Buyout or No, Delcath Offers a Valuable Investment Opportunity

Nov. 3.10 | About: Delcath Systems, (DCTH)

Delcath Systems (NASDAQ:DCTH) is a medical device company developing treatment platforms that isolate and treat organs separately from the rest of the circulatory system. Using this technology, treatments are delivered directly to the organ or interest and systemic side effects are avoided. The company lead platform technology, in which NDA submission is expected in the fourth quarter of 2010, involves isolating and treating the liver with chemotherapeutic agents for the treatment of metastatic melanoma.

Delcath briefly made its ways into the headlines recently as rumors of a buyout by Bristol-Myers Squibb (NYSE:BMY) briefly made their way across Wall Street. The share price jumped over 20% on the rumors, briefly topping $9/share, before settling back down to the low $8 dollar range. While the buy-out appears unlikely, there still exist many reasons that make this stock an especially good buy.

The Technology

Delcath’s percutaneous hepatic perfusion (PHP) offers the upside of a new drug approval with the low-risk of a supplementary new drug application. That’s because the technology uses a drug that’s already known and approved for the treatment of cancer – melphalan. Using the technology, the liver is isolated from the circulatory system, the liver is then saturated with melphalan, and then the blood is filtered of the chemotherapy before being returned to the body. Because the treatment is isolated to the liver – rather than being dosed to the body as a whole – the chemo can be delivered locally in concentrations up to 100 times greater than would otherwise be possible. The treatment is therefore moreeffective with fewer side effects.

In its phase III trial, the PHP technology was pitted against best alternative care (BAC) for the treatment of melanoma that had metastasized to the liver. The primary endpoint for the trial was a statistically significant prolongation of the hepatic progression–free survival (hPFS). It was found that the PHP system actually extended hPFS by 214 days compared to 70 days in BAC (p = 0.001), handily meeting study endpoints. In addition, the trial was conducted under a special protocol assessment (SPA).

So why, then, is Delcath off of its 52-week high of approximately $16?

The Overall Survival Issue

After reporting the results of the above study at ASCO annual meeting in June, Dr. Dirk Schadendorf pointed out concerns he had with the patient’s overall survival. The stock plummeted – losing over half of its value in the following month. The media, as well as the Delcath's management, blamed Dr. Schadendorf for the tremendous drop.

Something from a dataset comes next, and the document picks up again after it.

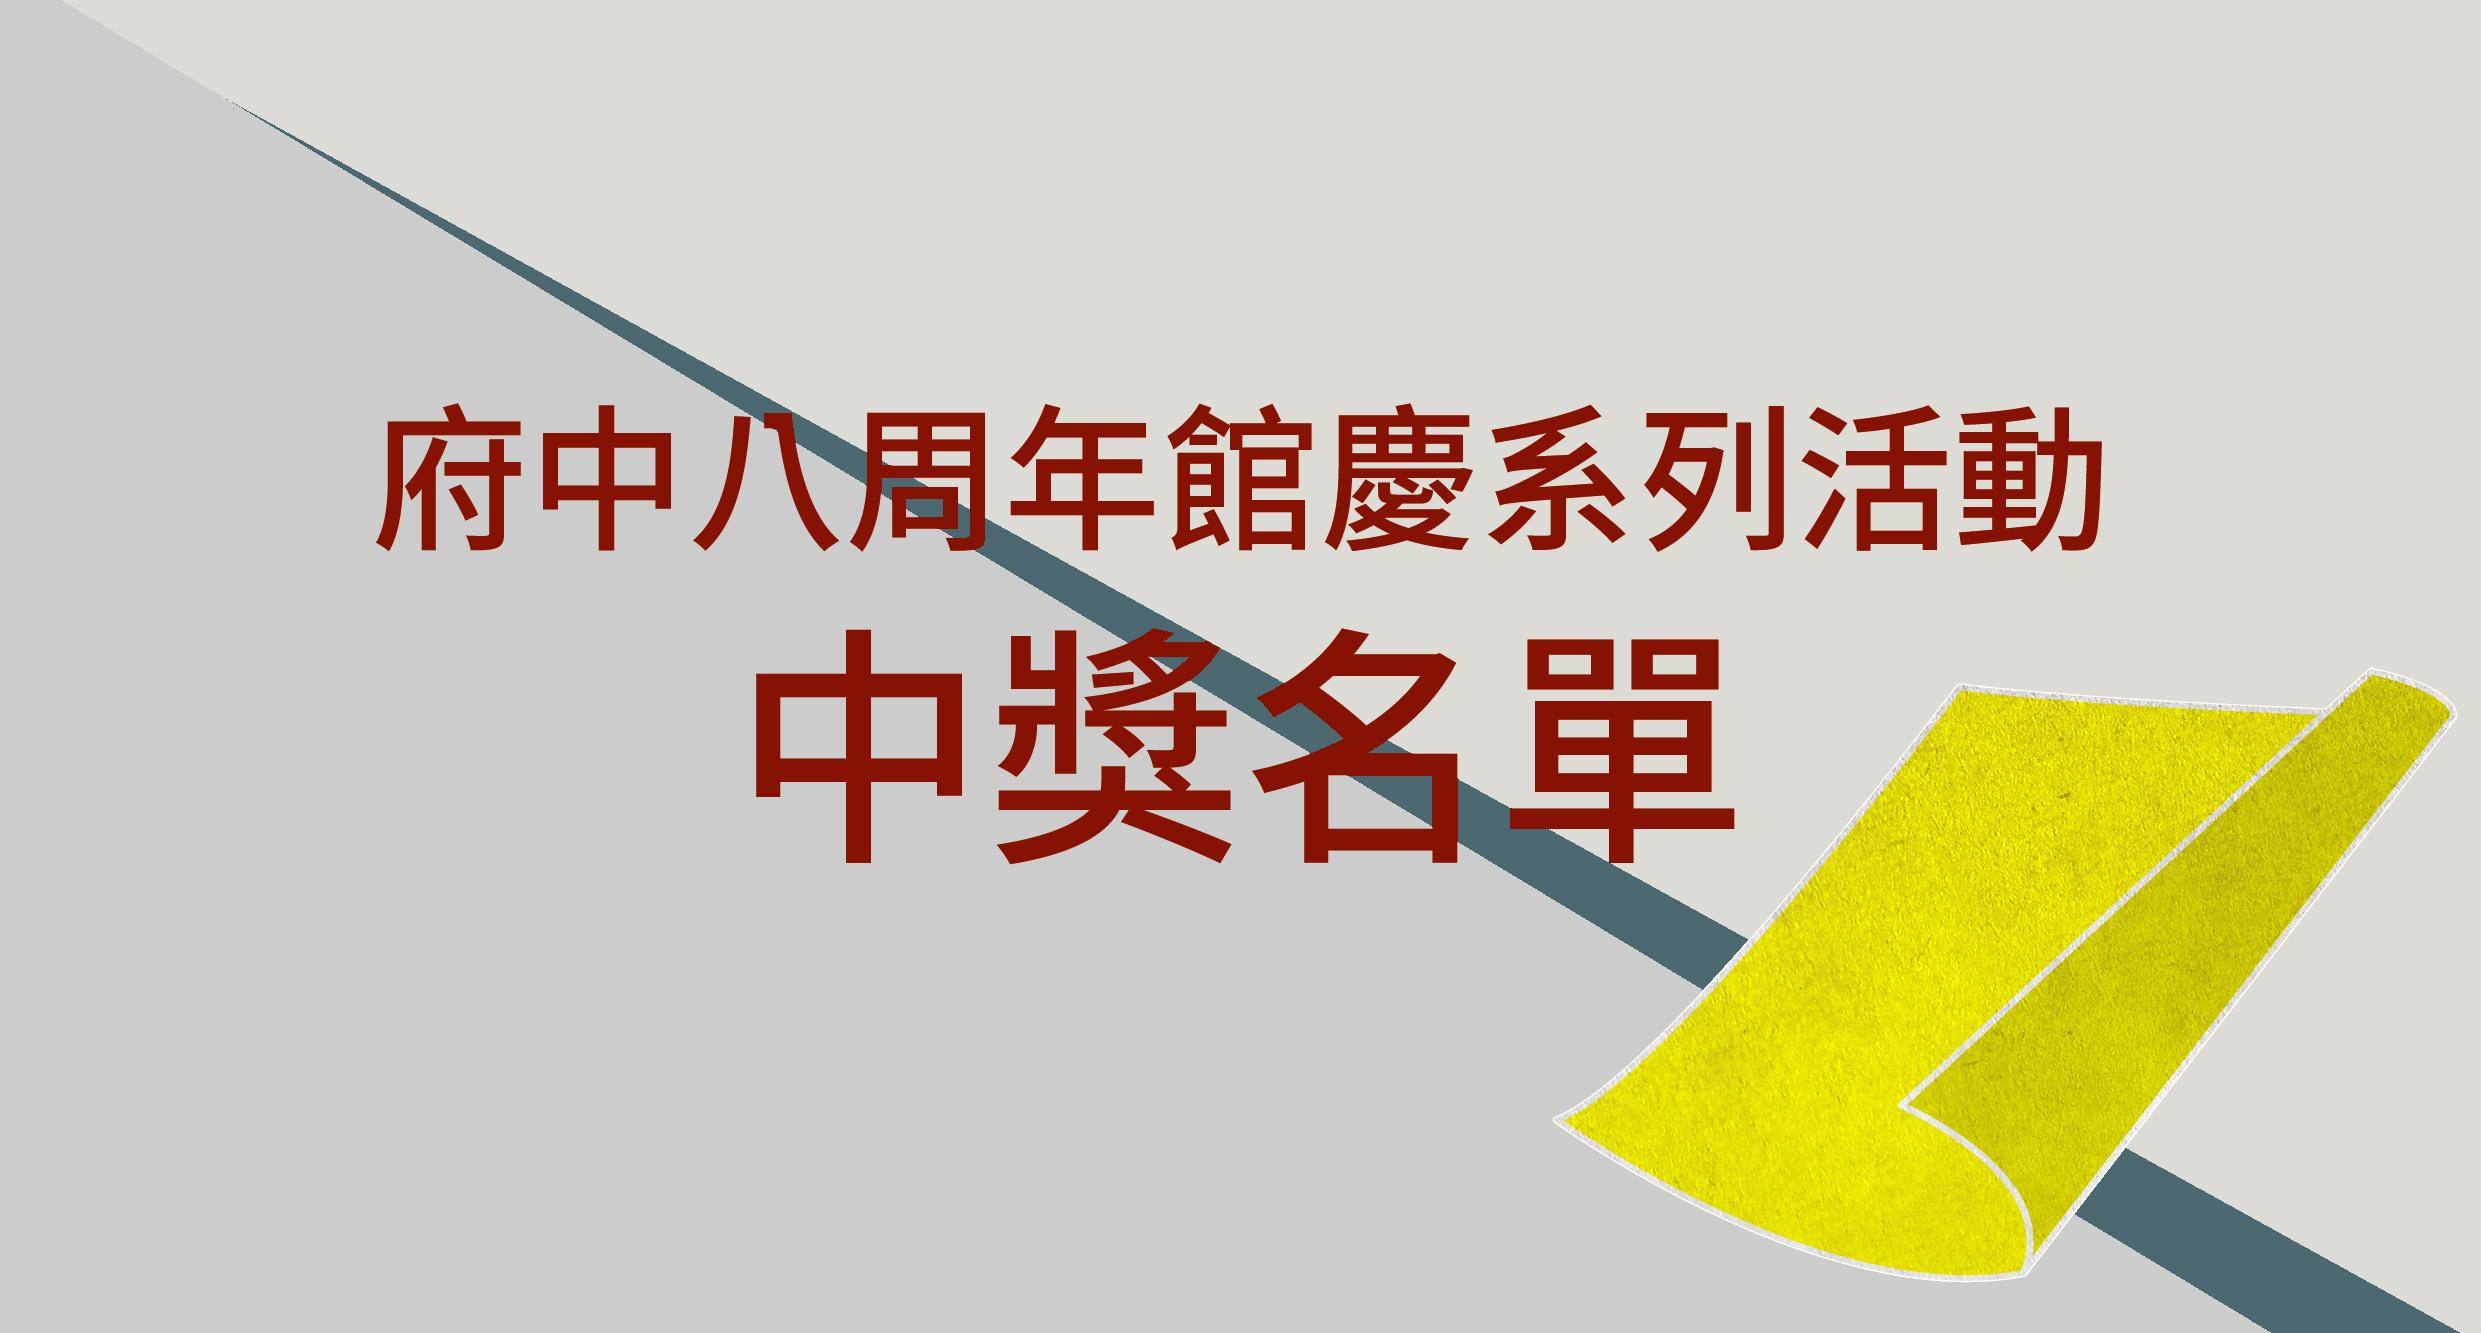 館慶系列抽獎活動中獎名單

Dr. Schadenfdorf’s concern was that, statistically speaking, there was no significant increase in overall survival. This, technically speaking, is true. However, the trial was never properly designed to test for overall survival. This is because patients were allowed to ‘crossover’ if unresponsive to BAC. The patients that did crossover, then, were generally sicker than starting patient populations - having failed initial treatments. Clearly, overall survival rates should suffer in the PHP treatment arm if unresponsive patients were crossing over.

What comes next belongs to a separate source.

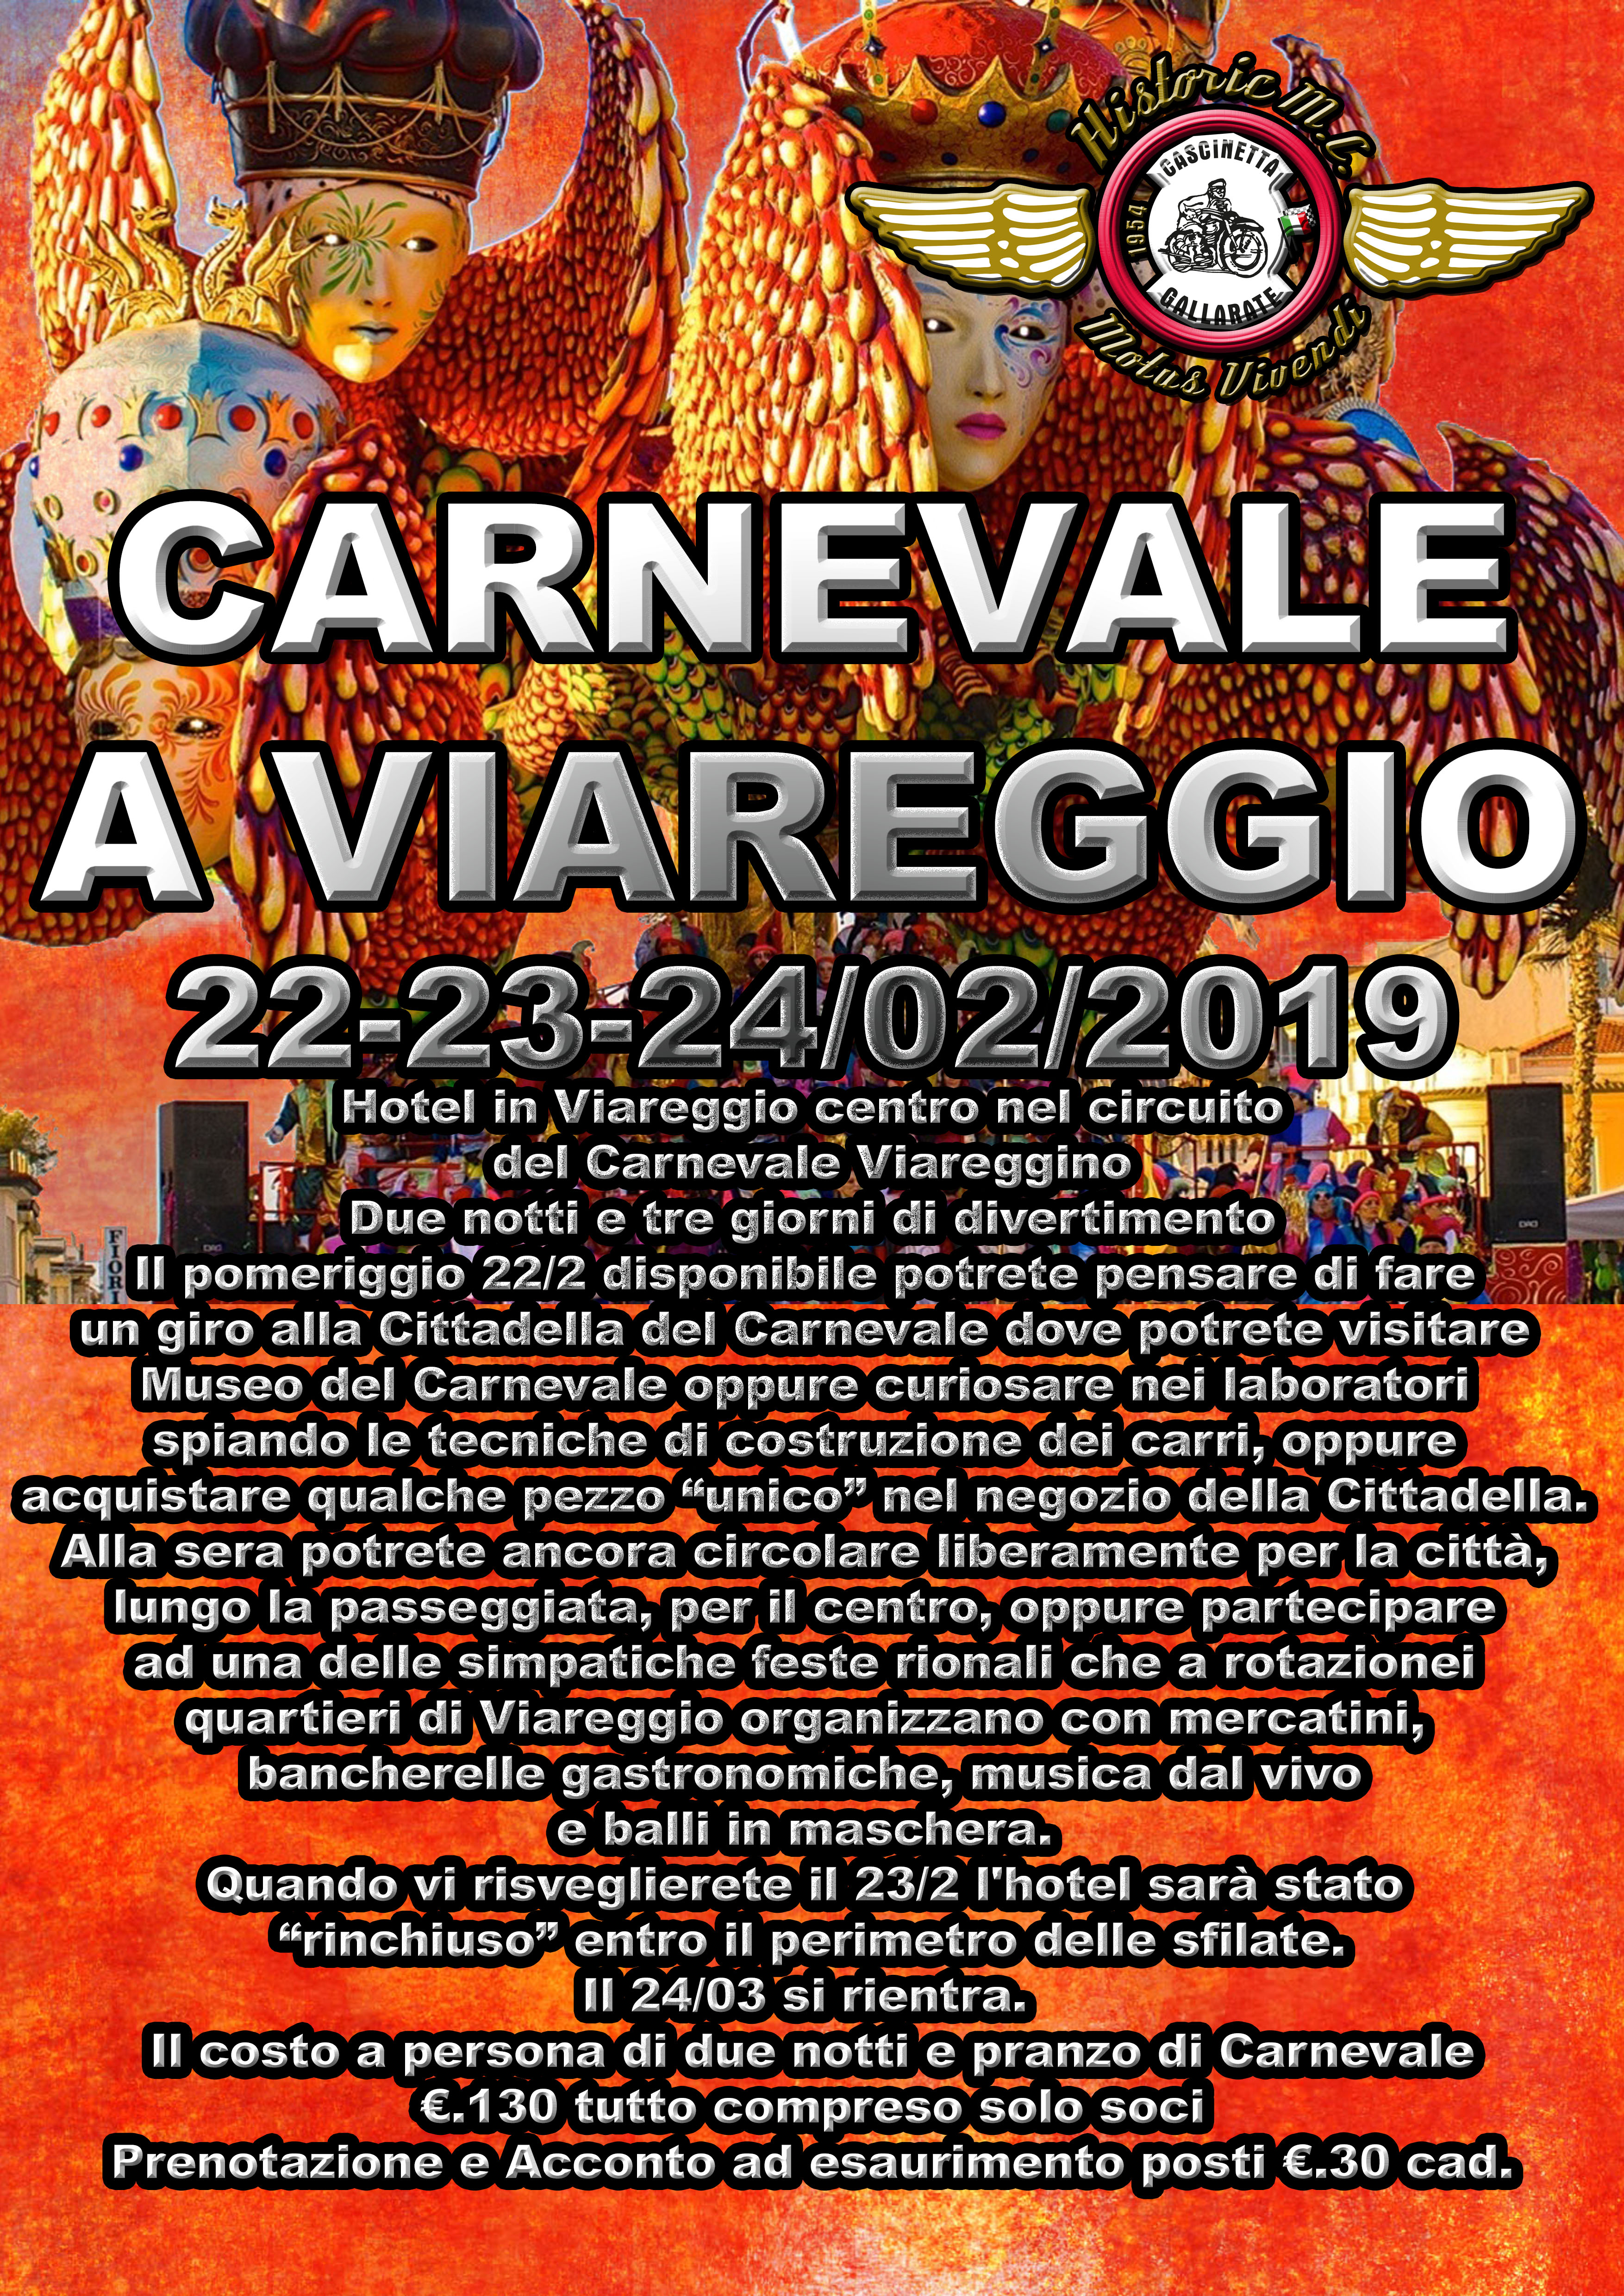 2019-02-22-23 Carnevale a Viareggio

Delcath’s management has addressed the issue pointedly in each of their conference presentations since the ASCO debacle. The management has stated that the crossing over provision was included by suggestion from the FDA. The logic goes that if the PHP system was effective, it would be unethical to withhold that treatment from patients who could benefit. Management has also stated that overall survival was a secondary endpoint – most certainly due the fact that overall survival would be compromised by the crossover provision. And finally, that the trial was done under an SPA agreement and that all required endpoints were satisfied by the trial.

If you agree that the overall survival issue is not really an issue at all, as management has suggested, then there is no reason why Delcath should not be trading near its pre-ASCO highs.

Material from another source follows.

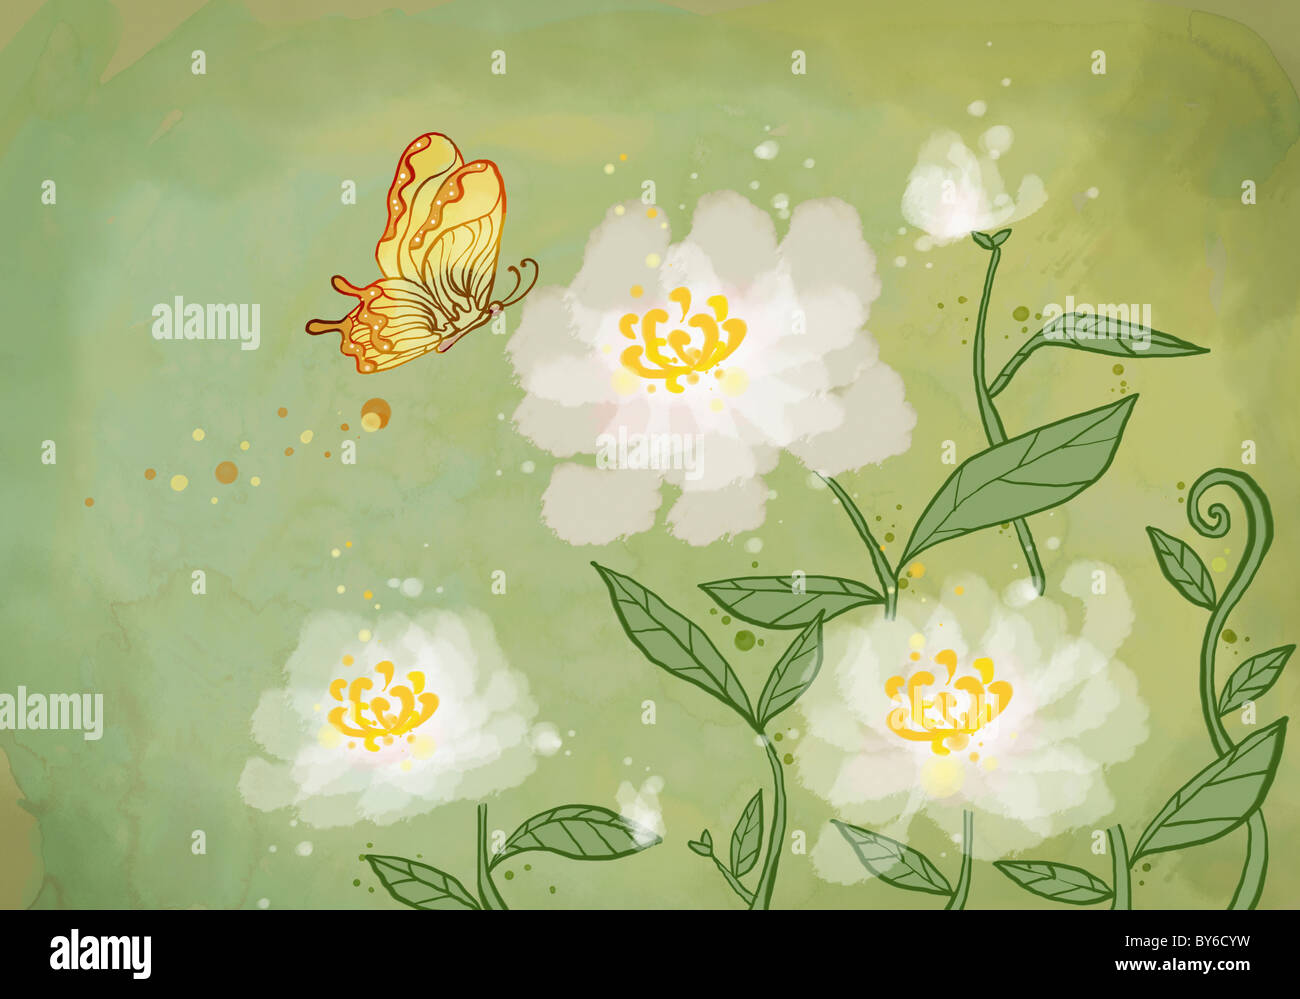 Capodanno Saluto illustrazione in atmosfera orientale Immagini Stock

Analysts Agree That Delcath is a Buying Opportunity

Even though the markets have remained cold towards Delcath Sytems, the equity research analysts have been hot on this company for quite some time. The analysts have almost unanimously rated the stock a ‘buy’. Most recently, Canaccord Genuity rated Delcath a ‘speculative buy’ putting their price target at $13.

Here’s a run-down of the analyst coverage for Delcath:

  • 10/25 – Canaccord Genuity, speculative buy, price target of $13.00
  • 10/15 – Roth Capital Partners, buy, price target of $16.50
  • 8/3 – Wedbush, outperform, price target of $21.00
  • 7/30 – Cowen, outperform
  • 7/30 – Craig-Hallum Capital, buy, price target of $23.00


At present levels, Delcath offers a tremendous investment opportunity – whether or not a buy-out is in the immediate future. Eventual approval of the PHP system appears likely as phase III trials were completed under an SPA agreement meeting all primary endpoints. Near-term catalysts include completion of NDA submission and acceptance by the FDA. Average analysts’ projections – based largely on market size calculations – put upside at over 100% over the next year. An investment in Delcath, in my estimation, offers the upside of a traditional biotech play with a reasonably low risk exposure.